=== Task input ===

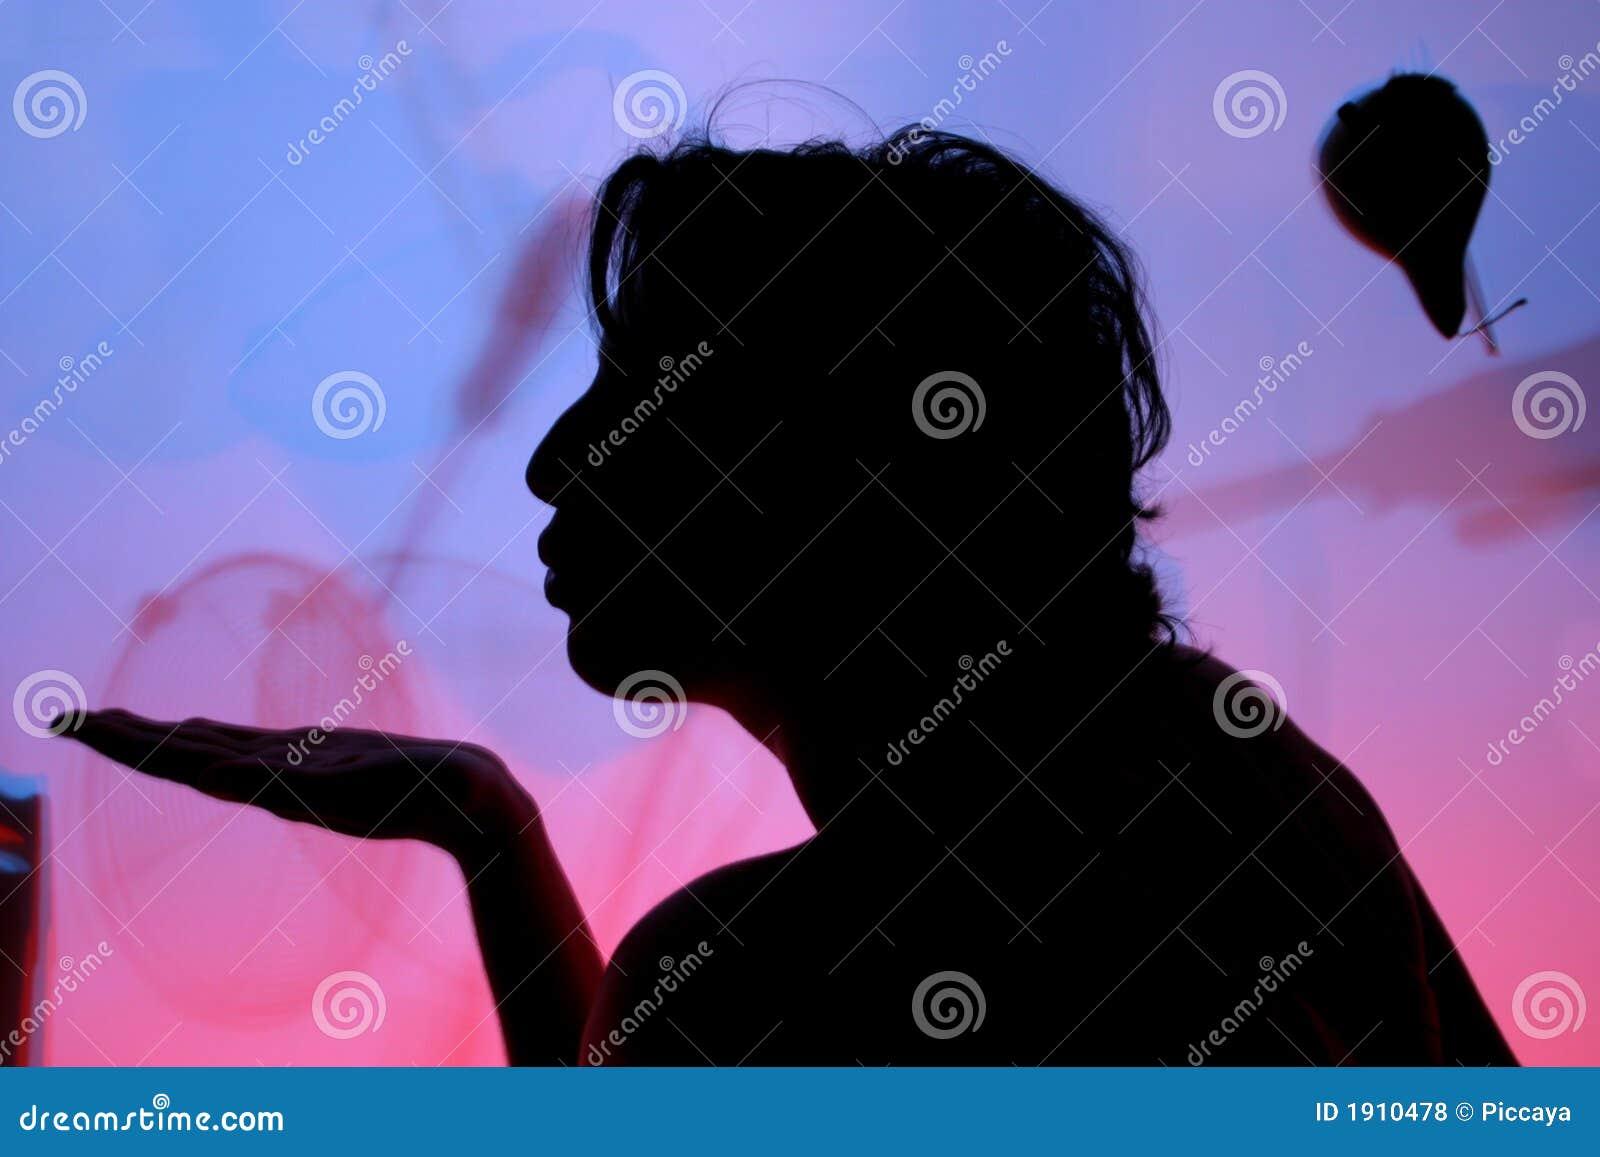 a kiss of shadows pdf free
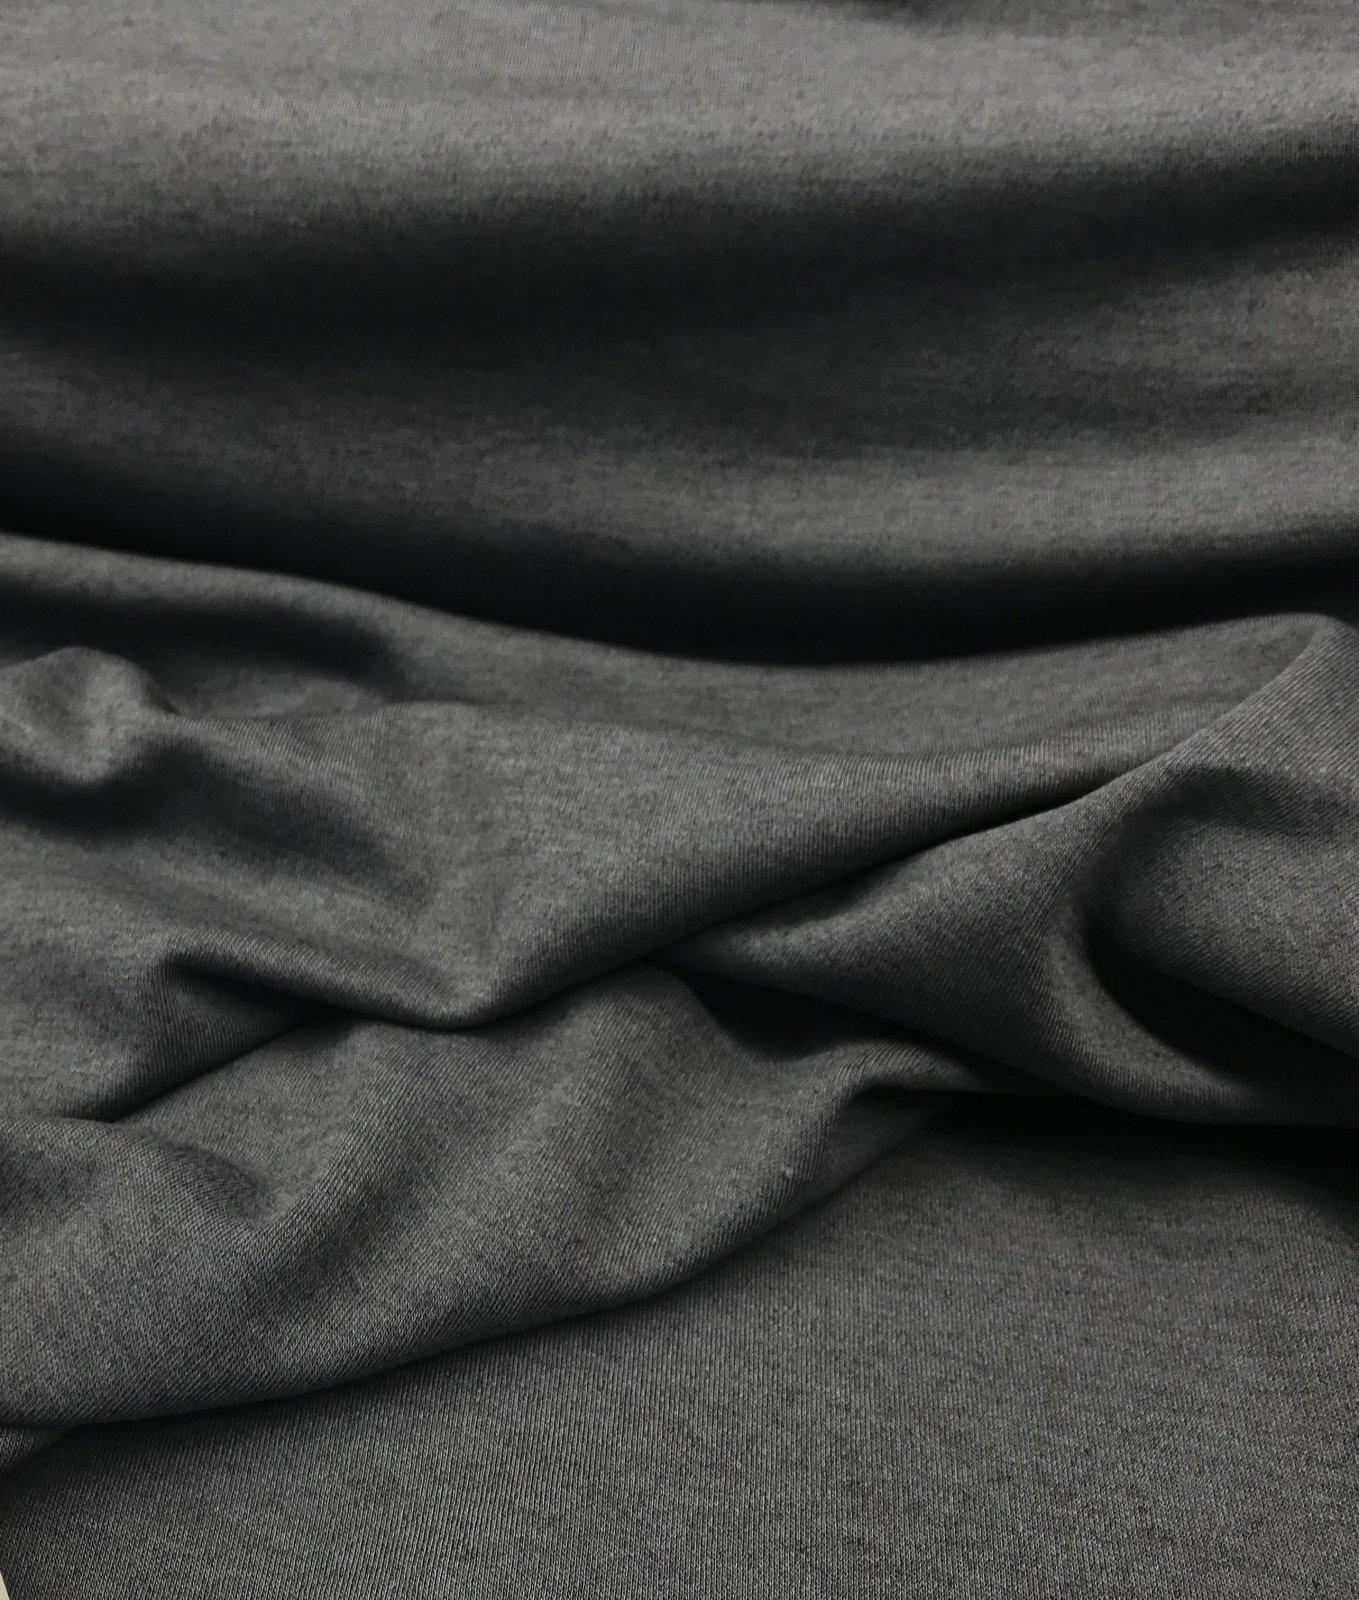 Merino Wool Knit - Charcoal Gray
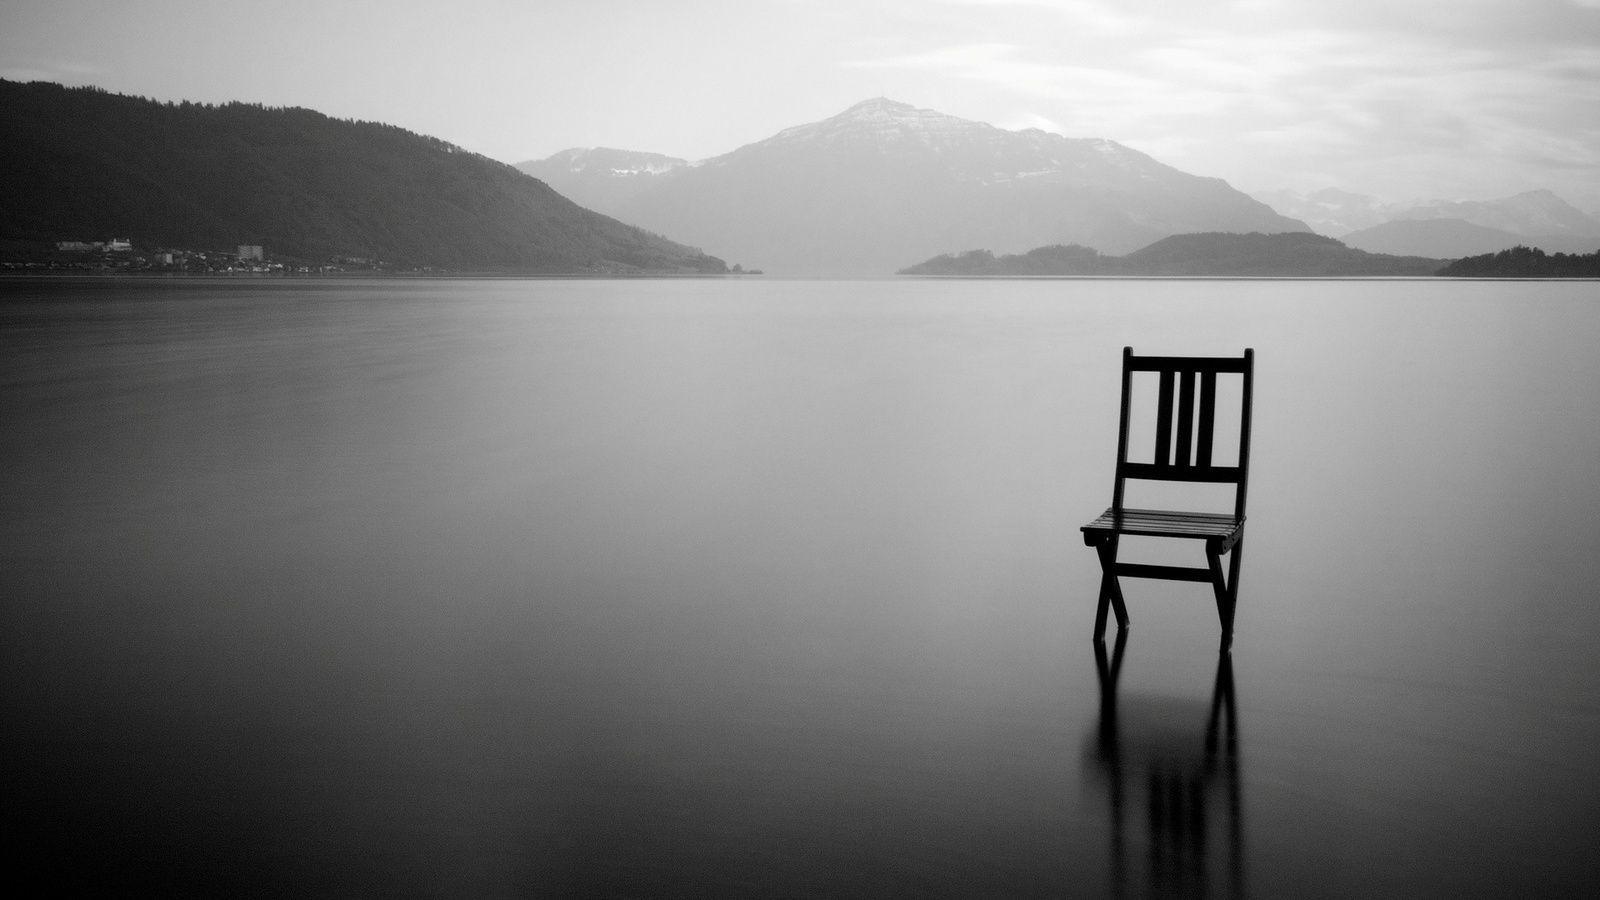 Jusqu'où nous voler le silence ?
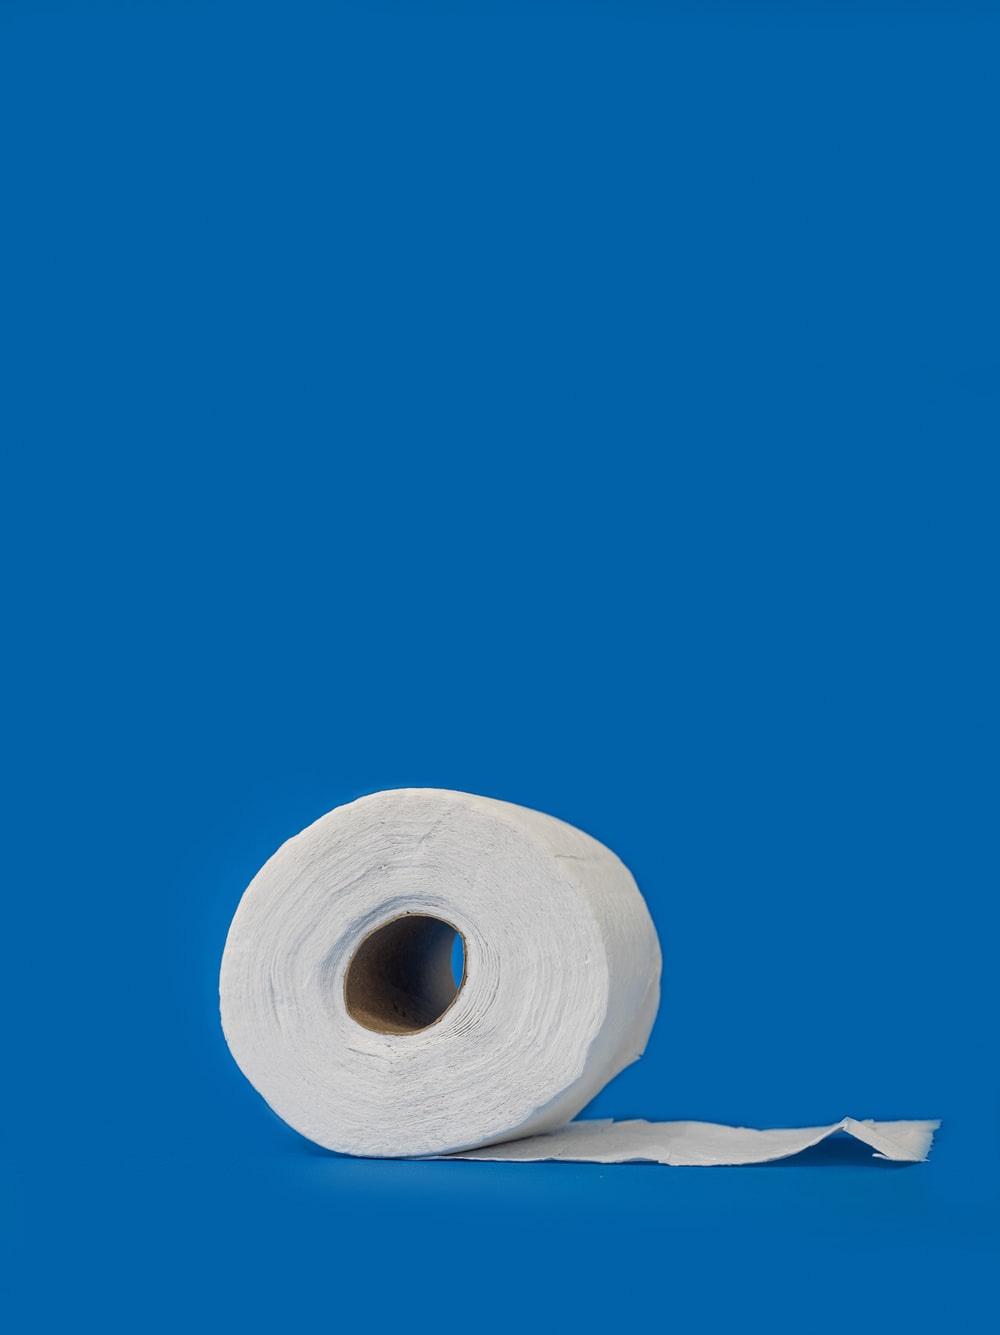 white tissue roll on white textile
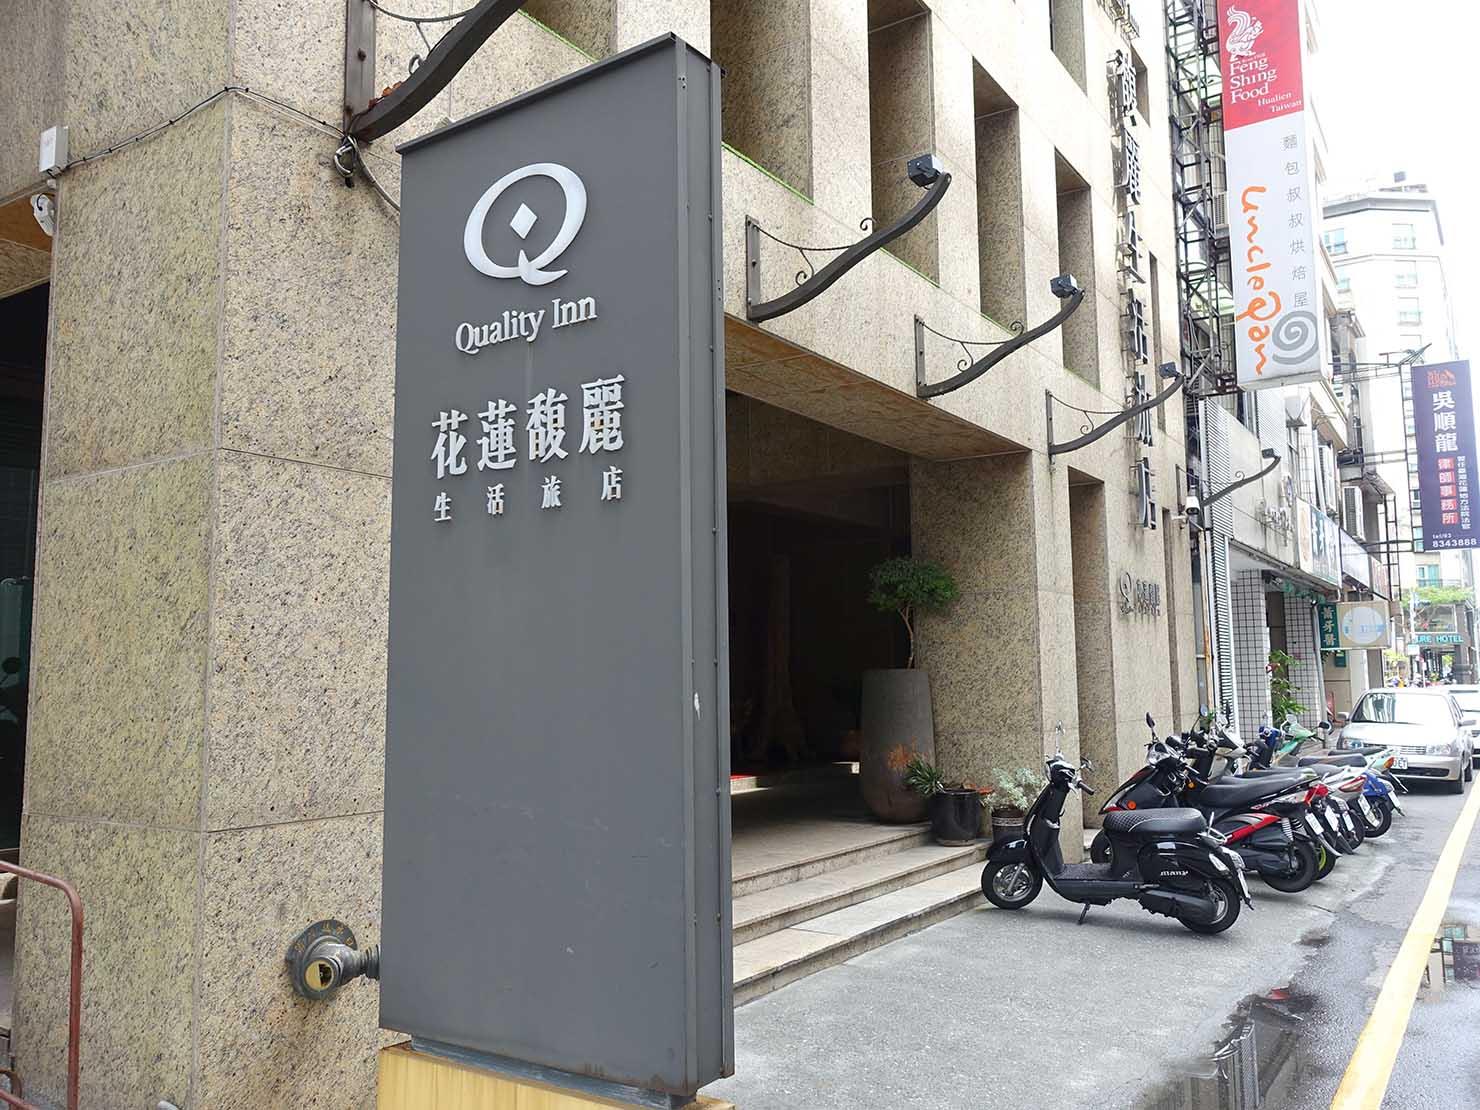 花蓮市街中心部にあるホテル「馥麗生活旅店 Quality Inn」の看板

===

:: The task ::
All entries must come back exactly as written, though without their pictures.

:: Exercise response ::
 a kiss of shadows pdf free
 Merino Wool Knit - Charcoal Gray
 Jusqu'où nous voler le silence ?
 white tissue roll on white textile
 花蓮市街中心部にあるホテル「馥麗生活旅店 Quality Inn」の看板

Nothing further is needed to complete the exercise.